GenoType's goal is to fill a gap in the TypeScript ecosystem by providing a fully type-safe, performant, idiomatic library for parsing and processing genomic data in any of the major bioinformatic data formats. It's built with an obsession with developer experience and is meant to enable users to compose their own pipelines of sequence transformations in a fluent DSL. For example, the following "pipeline", mirroring a Unix pipeline of operations from the excellent Seqkit command line interface, can be composed in TypeScript like so:
import { seqops } from "genotype";
const results = await seqops(genomeSequences)
.grep({ pattern: /^chr\d+/, target: "id" }) // Find chromosome sequences
.filter({ minLength: 100, maxGC: 60 }) // Quality filtering
.sample({ n: 1000, strategy: "reservoir" }) // Statistical sampling
.sort({ by: "length", order: "desc" }) // Compression-optimized sorting
.rmdup({ by: "sequence", caseSensitive: false }) // Remove duplicates
.writeFasta("analyzed_genome.fasta");A majority of features provided in SeqKit will also be provided by GenoType, plus some extra goodies that make sense in the context of a TypeScript library (e.g., K-mer set algebra or higher-order function combinators).
Also on the GenoType roadmap are Rust implementations that bring SIMD acceleration and multi-core parallelism to particular operations.
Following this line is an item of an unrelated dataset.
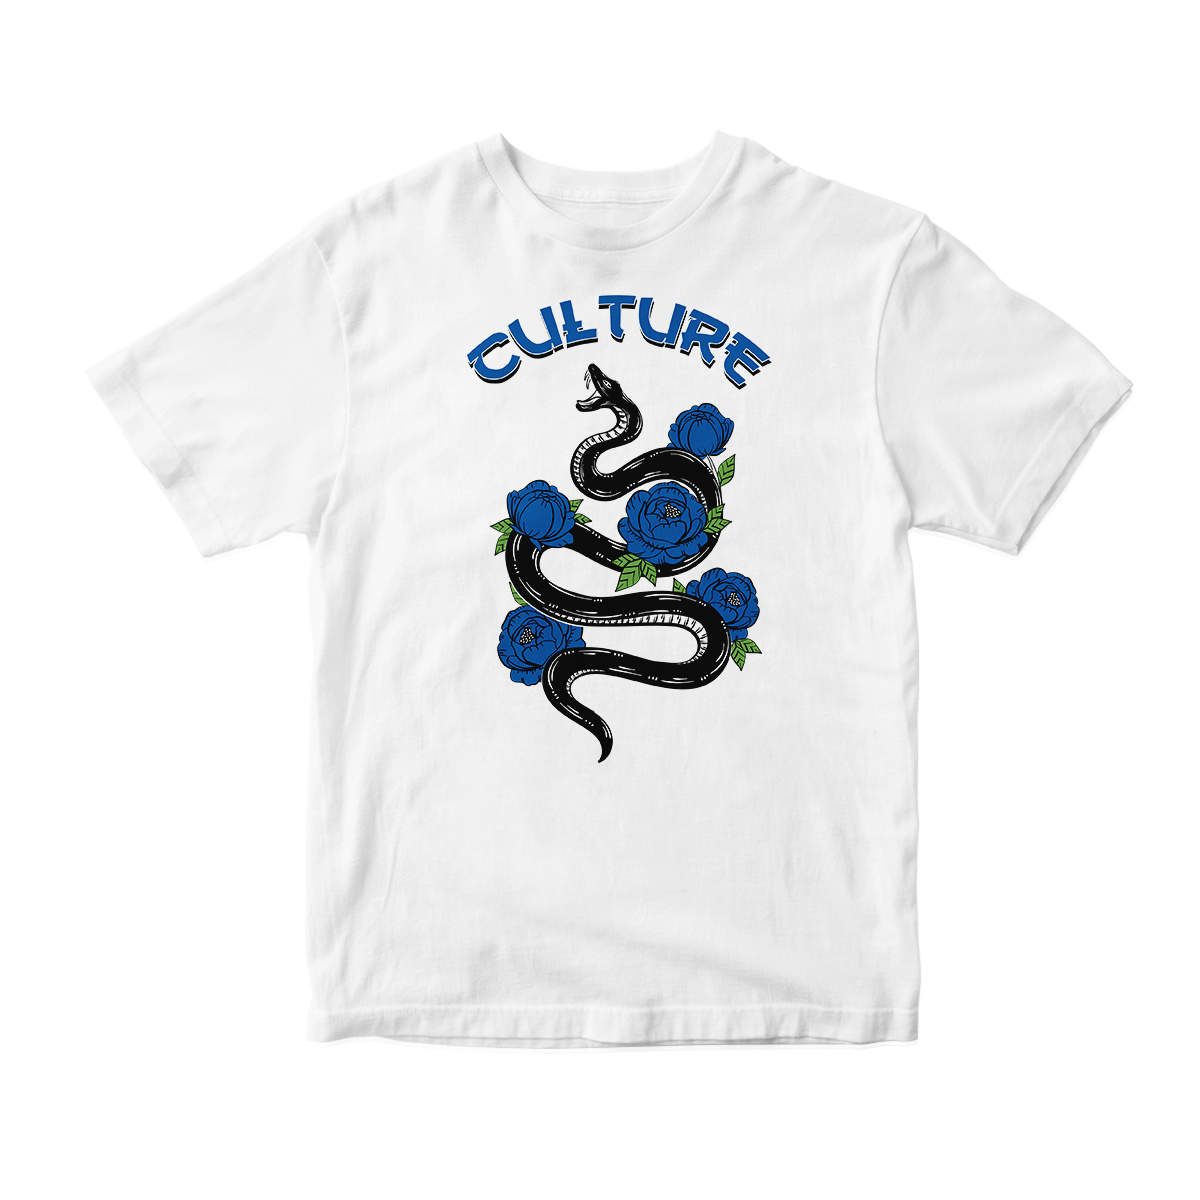 'Culture Snake' in Game Royal CW Unisex Short Sleeve Tee

These optimizations, together with the overall speed of modern JavaScript runtimes, will make GenoType's performance competitive with if not better than SeqKit, which is implemented in Go. Additionally, Rust implementations can be compiled to native extensions or WebAssembly modules, which opens the possibility for GenoType to be run on the server, in the browser, or anywhere in between.
GenoType uses Effect and specifically Effect Platform as its internal standard library for all file I/O and platform-specific operations. This architectural choice makes GenoType runtime-agnostic, running seamlessly on Node.js, Bun, and Deno without any runtime-specific code paths. Effect Platform provides a unified abstraction layer that handles platform differences internally, eliminating the need for manual runtime detection and conditional logic throughout the codebase. This approach also positions GenoType for potential browser compatibility in the future, as Effect Platform can target browser APIs through the same unified interface.
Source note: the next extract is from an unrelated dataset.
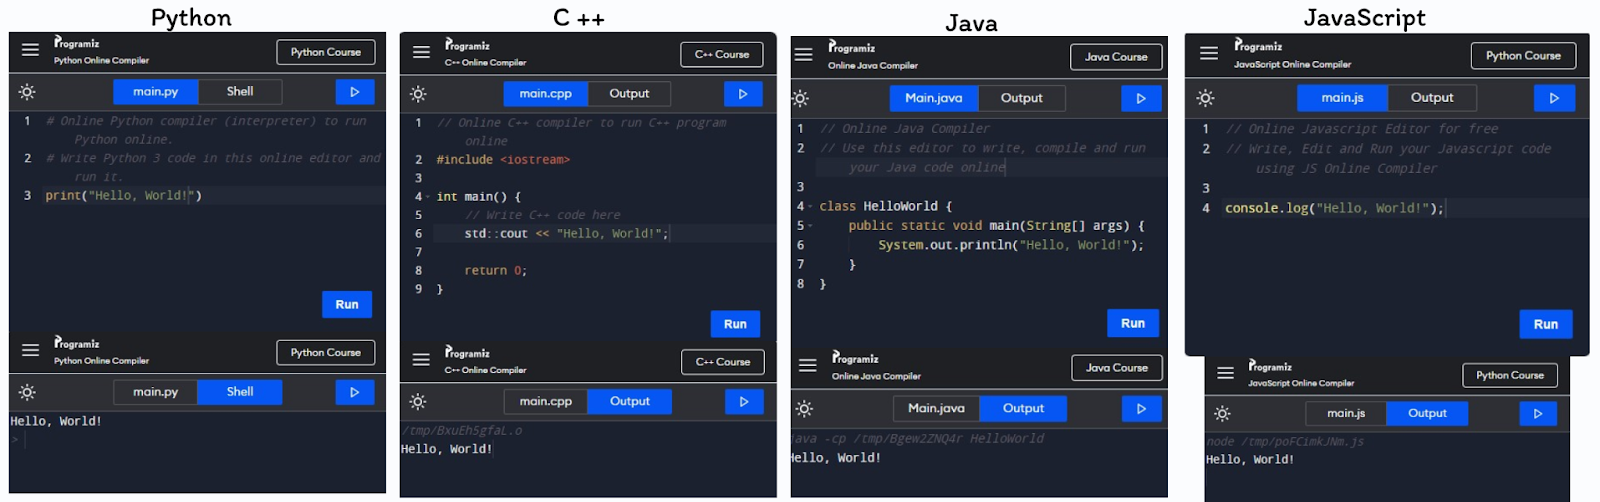 Comparing the syntax of different programming languages using the ProgramWhiz online compiler

GenoType was designed with scripting in mind. As of 2025, the story for
scripting in JavaScript and TypeScript is exceptionally good, a fact that is
underappreciated in data science and bioinformatics. Runtimes like
Bun and Deno can run standalone
scripts, handling inline dependencies by default like how the Python manager
uv can handle Python dependencies--no
need for virtual environments and dependency hell. Unlike Python scripts, Bun
and Deno scripts also benefit from years of JavaScript runtime optimization.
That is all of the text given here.